Bug #43650 Falcon SELECTs return "can't find record" in READ COMMITTED isolation level
Submitted: 14 Mar 2009 11:28 Modified: 26 May 2010 17:47
Reporter: Philip Stoev Email Updates:
Status: Unsupported Impact on me:
None 
Category:MySQL Server: Falcon storage engine Severity:S3 (Non-critical)
Version:6.0-falcon-team OS:Any
Assigned to: Kevin Lewis CPU Architecture:Any
Tags: F_ERROR HANDLING

[14 Mar 2009 11:28] Philip Stoev
Description:
When executing a SELECT in READ COMMITTED mode, the SELECT may fail with a "can't find record" error.
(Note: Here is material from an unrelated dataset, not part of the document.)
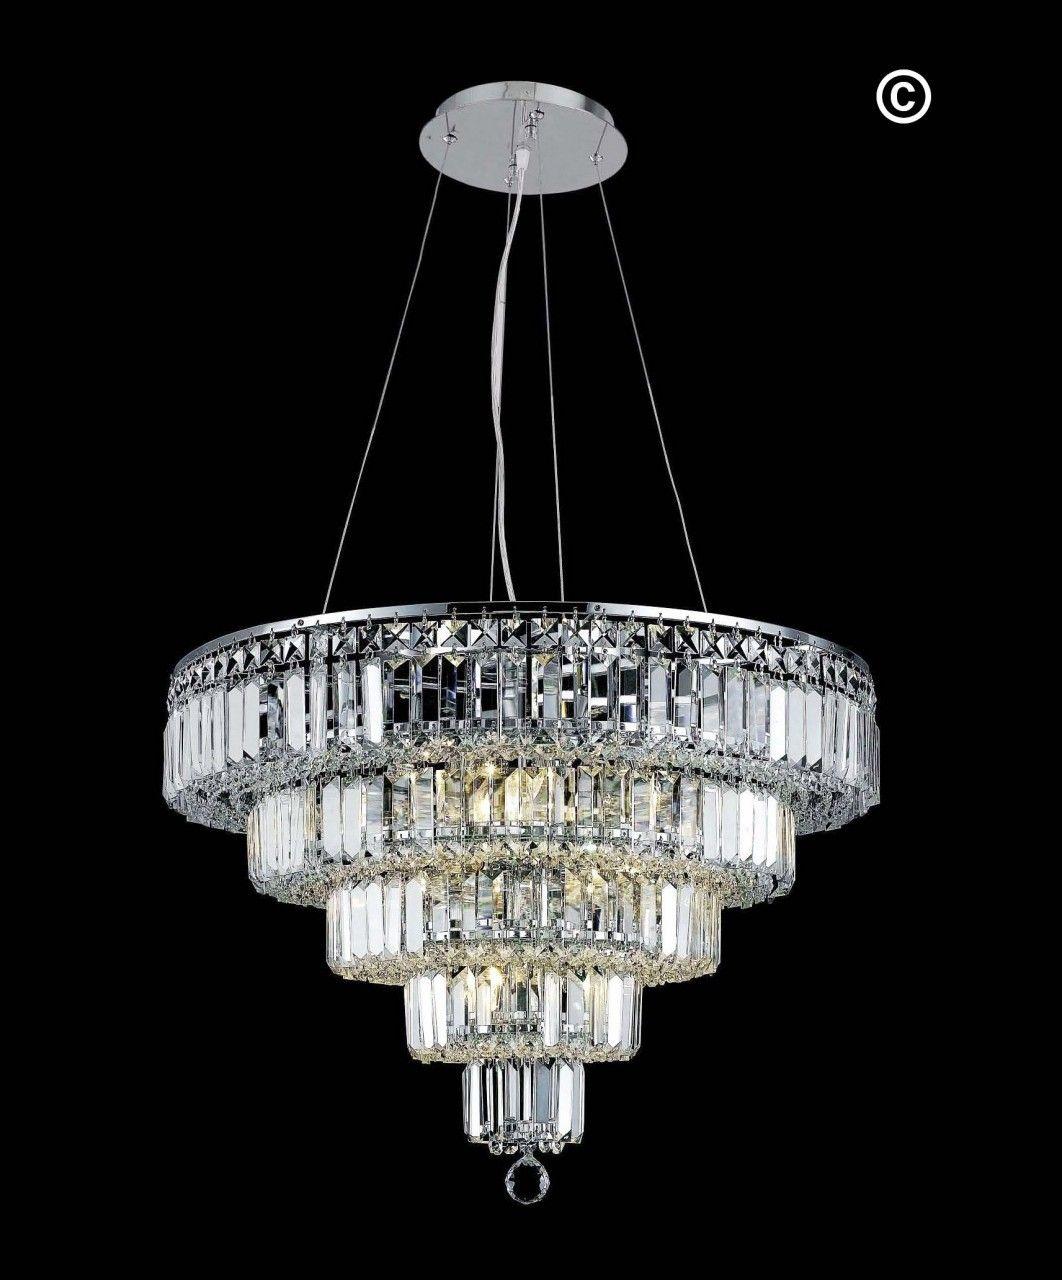 Modular 5 tier crystal pendant light chrome medium crystal designer chandelier australia pty ltd modular 5 tier crystal pendant light chrome medium arubaitofo Gallery

Likely this is because a record ceased to exist between the first pass of the SELECT operation and the actual retrieval of the record.  Depending on the SELECTs and the concurrent updates, a situation may arise where a SELECT may never be able to complete at all.

Discussions within the team indicated that this is a genuine bug. SELECTs should be atomic and thus this error message is not acceptable.

How to repeat:
$ perl runall.pl \
  --engine=Falcon \
  --mysqld=--loose-falcon-lock-wait-timeout=5 \
  --mysqld=--loose-innodb-lock-wait-timeout=5 \
  --rows=10 \
  --basedir=/build/bzr/6.0-falcon-team \
  --queries=100000000 \
  --duration=900 \
  --gendata=conf/combinations.zz \
  --grammar=conf/rr.yy \
  --mysqld=--transaction-isolation=READ-COMMITTED
[15 Mar 2009 14:50] Kevin Lewis
As discussed in a separate email, a read-committed verb should ignore a record number from a preselected record list if the record was more recently deleted and committed.
[3 Apr 2009 8:08] Philip Stoev
I observed this error once on a falcon_compare_self scenario - no ALTER, 1 connection, REPEATABLE READ isolation. Maybe it is not just concurrent transactions that would cause records to be lost.
[23 Jun 2009 22:06] Kevin Lewis
I tracked this down to a situation where the server is selecting records from a non-indexed field and sorting them in a read-committed transaction.  After sorting, the server calls StorageInterface::rnd_pos() sending in a record number to be read and returned.  But by this time, another transaction has deleted the record that was previously selected and sorted.  So Falcon reports "can't find record".  But if we are only interested in what is committed, then any record that is deleted while the server is sorting should not be read.
[24 Jun 2009 22:17] Bugs System
A patch for this bug has been committed. After review, it may
be pushed to the relevant source trees for release in the next
version. You can access the patch from:

  http://lists.mysql.com/commits/77093

2745 Kevin Lewis	2009-06-24
      Bug#43650 - The server calls StorageInterface::rnd_pos() when it has a list of records previously read and sorted and it wants to read them a final time.  If the isolation mode is read-committed, the call to fetchVersion will return NULL if the currently committed version is deleted.  This means it was deleted during the transaction.  Since the transaction was able to find a visible version of the record before, that visible version MUST still be around.  So the only reason that fetchVersion would return NULL is if the current visible version is deleted.  In repeatable-read, fetchVersion would return that previous visible record.
      
      So if fetchVersion or fetchForUpdate returns NULL to StorageDatabase::fetch(), instead of returning 
         StorageErrorRecordNotFound - HA_KEY_NOT_FOUND - "can't find record",
      it should return 
         StorageErrorRecordDeleted - HA_ERR_RECORD_DELETED
      so that the server will ignore this record and go  on to the nexxt record.
[24 Jun 2009 22:24] Kevin Lewis
Code reviewed by Ann Harrison